→ **LISTED RECORDS**
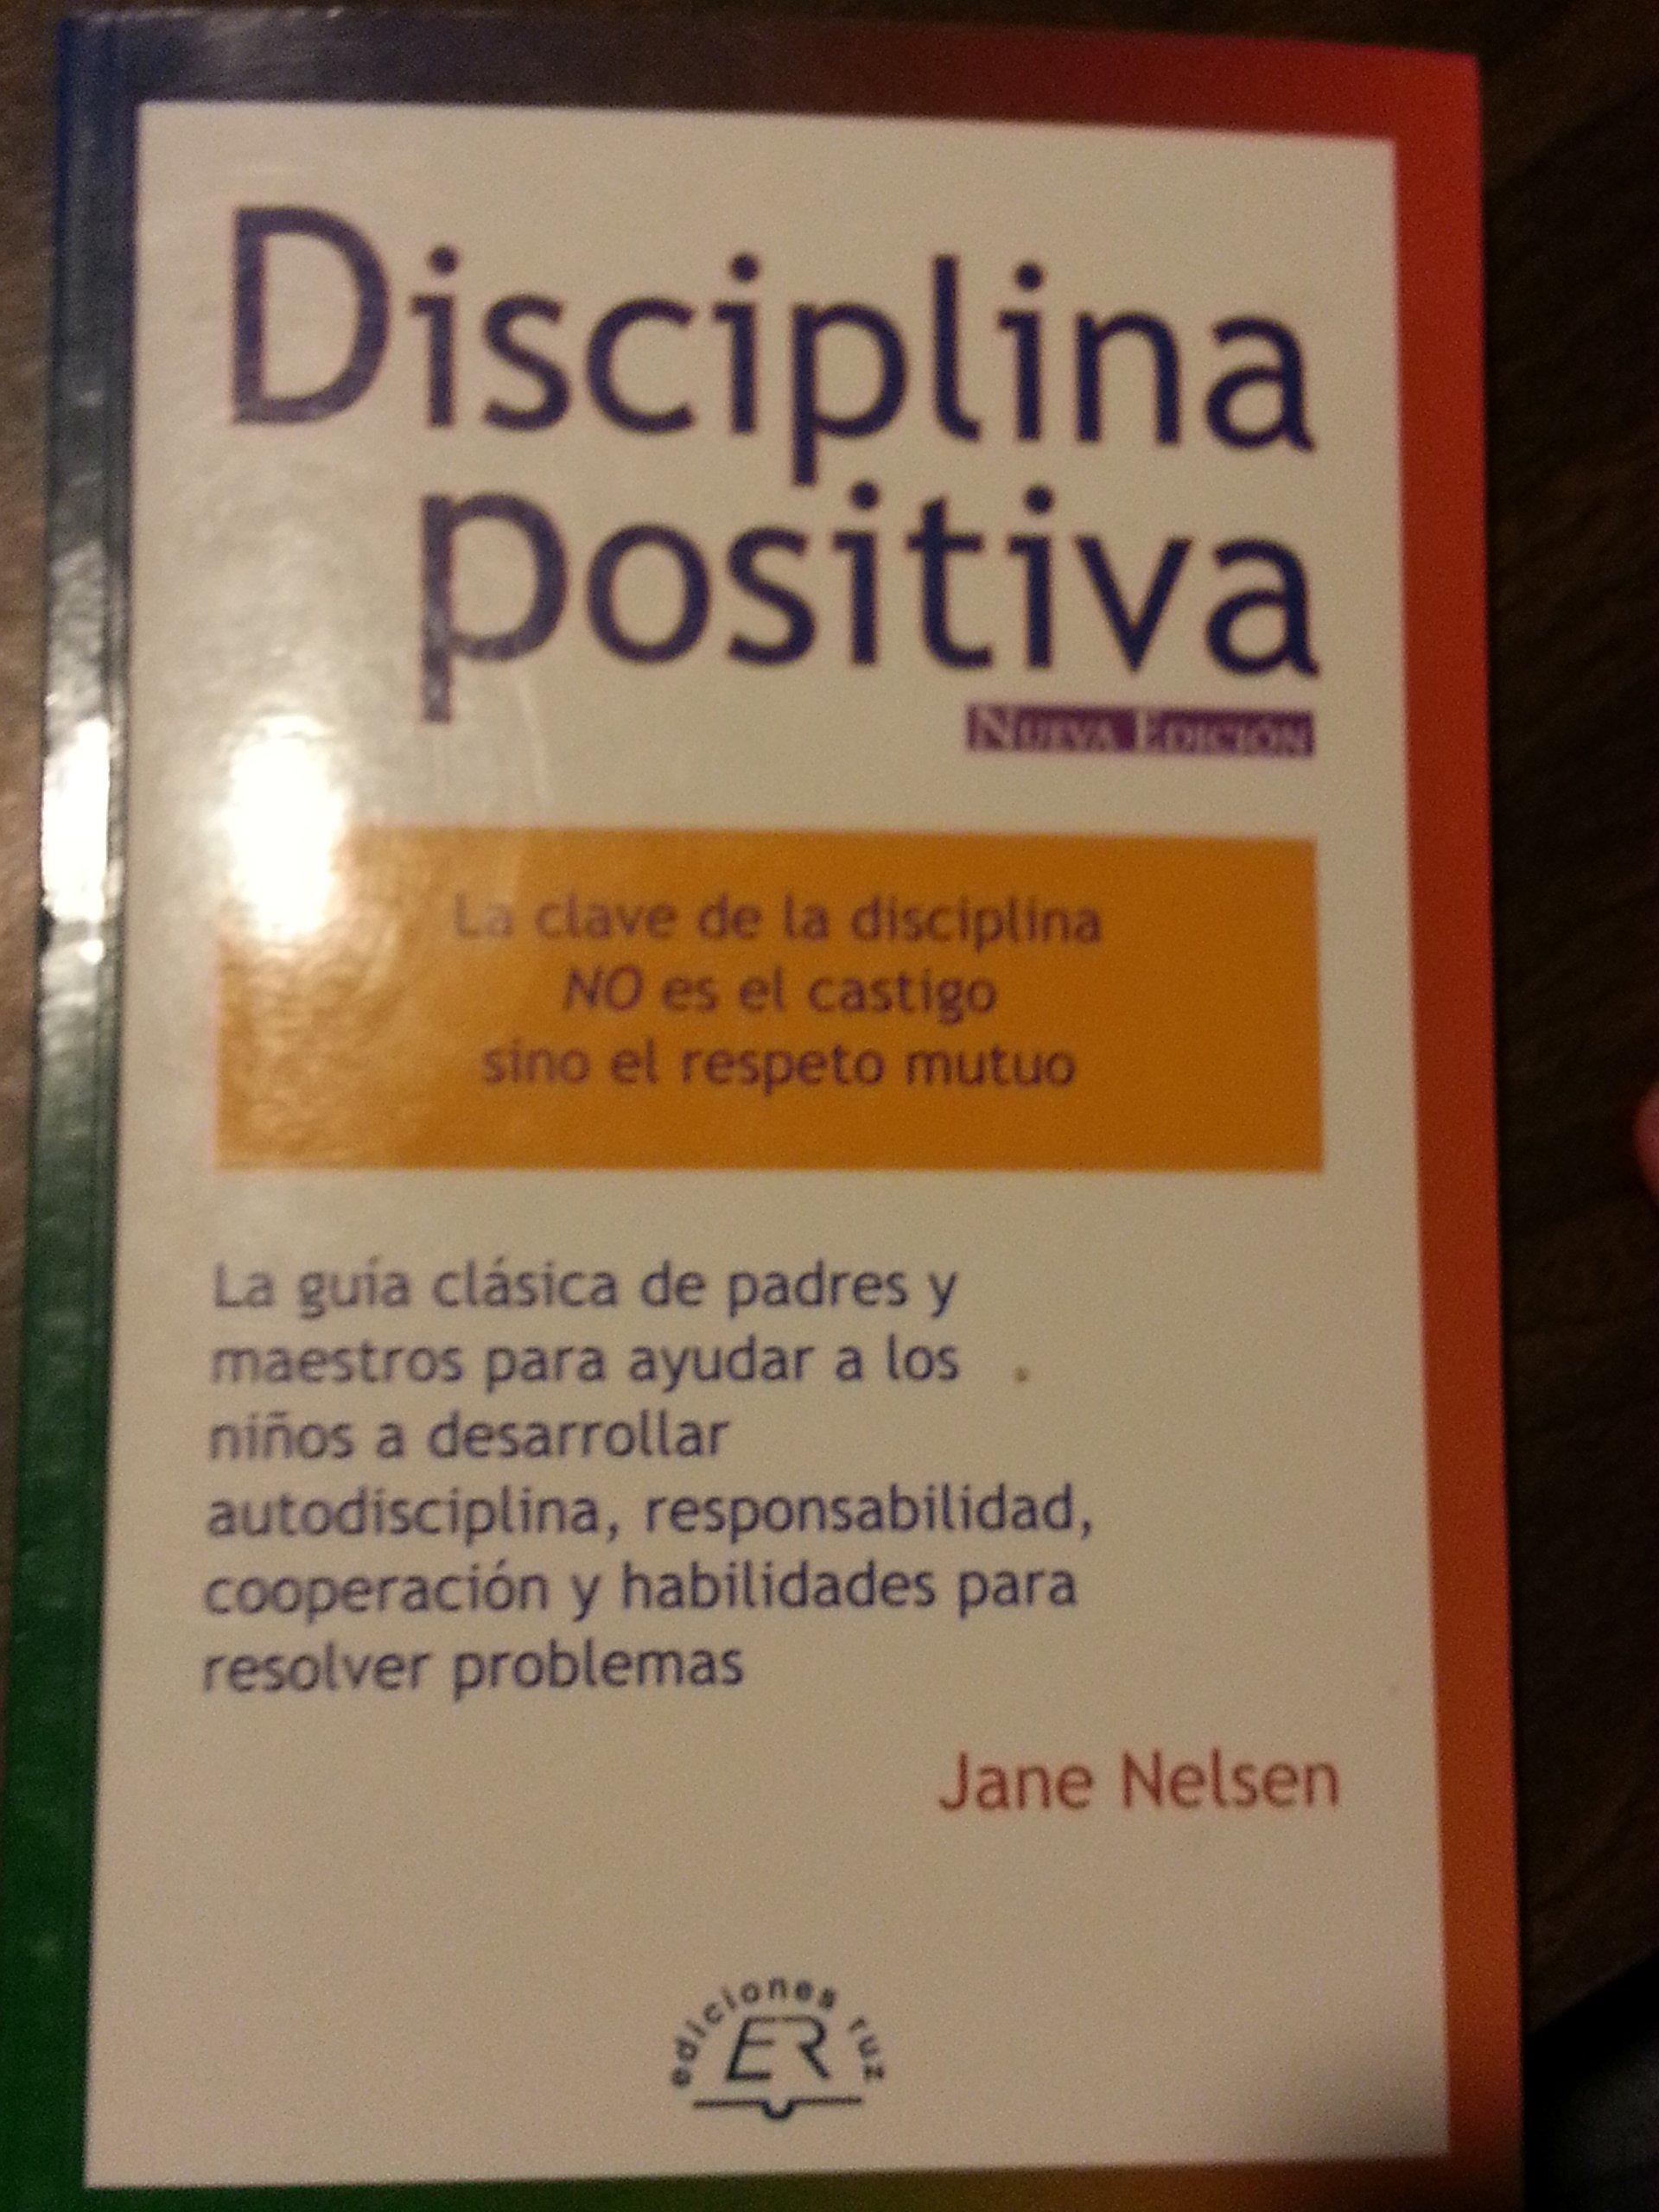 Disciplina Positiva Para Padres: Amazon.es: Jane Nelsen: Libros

* * *

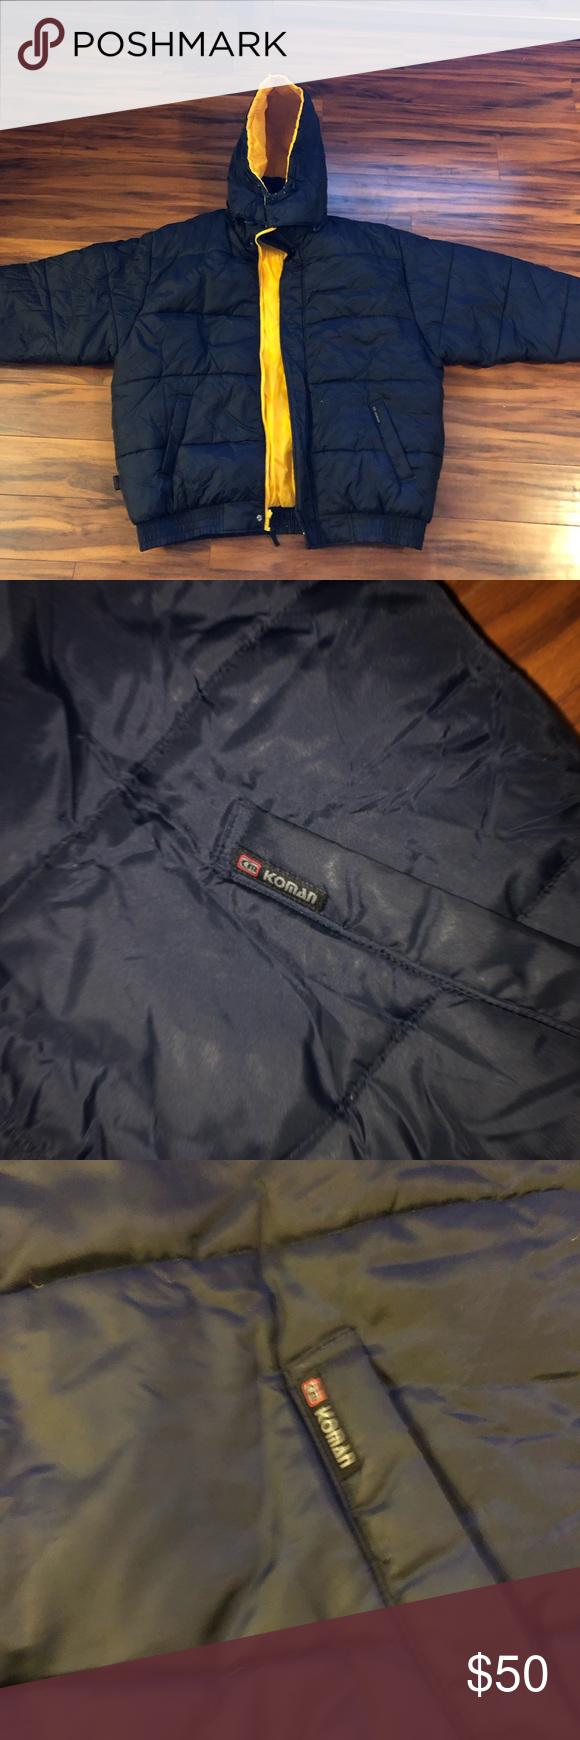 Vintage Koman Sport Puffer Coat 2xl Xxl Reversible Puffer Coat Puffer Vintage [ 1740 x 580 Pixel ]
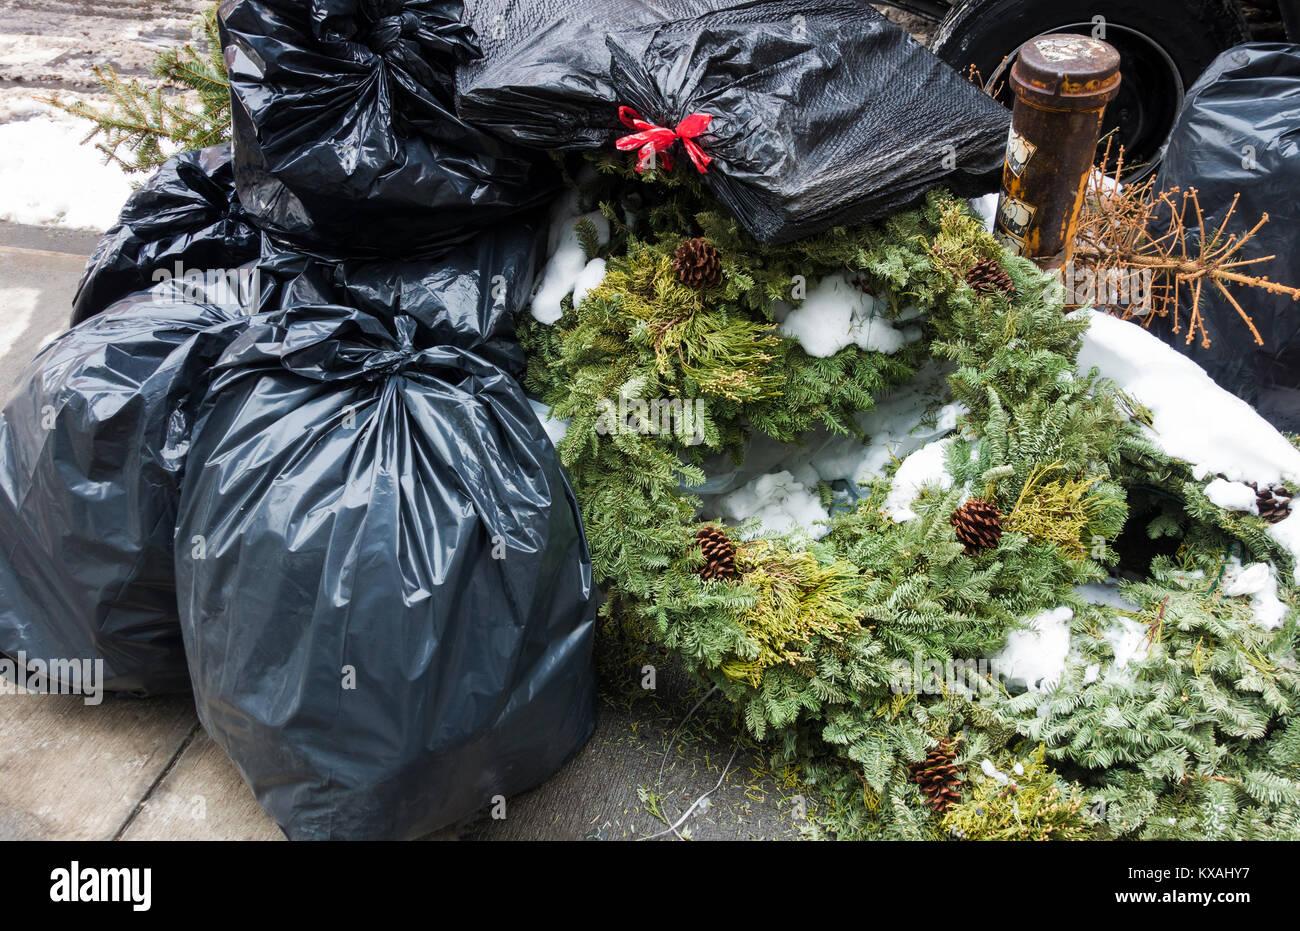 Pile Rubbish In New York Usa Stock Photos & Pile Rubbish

→ **EXERCISE BRIEF**
Above are the records; return the lines in them from the one with "Vintage Koman Sport" to the one with "Pile Rubbish In", inclusive, exactly and without images.

→ **WRITTEN RESPONSE**
 Vintage Koman Sport Puffer Coat 2xl Xxl Reversible Puffer Coat Puffer Vintage [ 1740 x 580 Pixel ]
 Pile Rubbish In New York Usa Stock Photos & Pile Rubbish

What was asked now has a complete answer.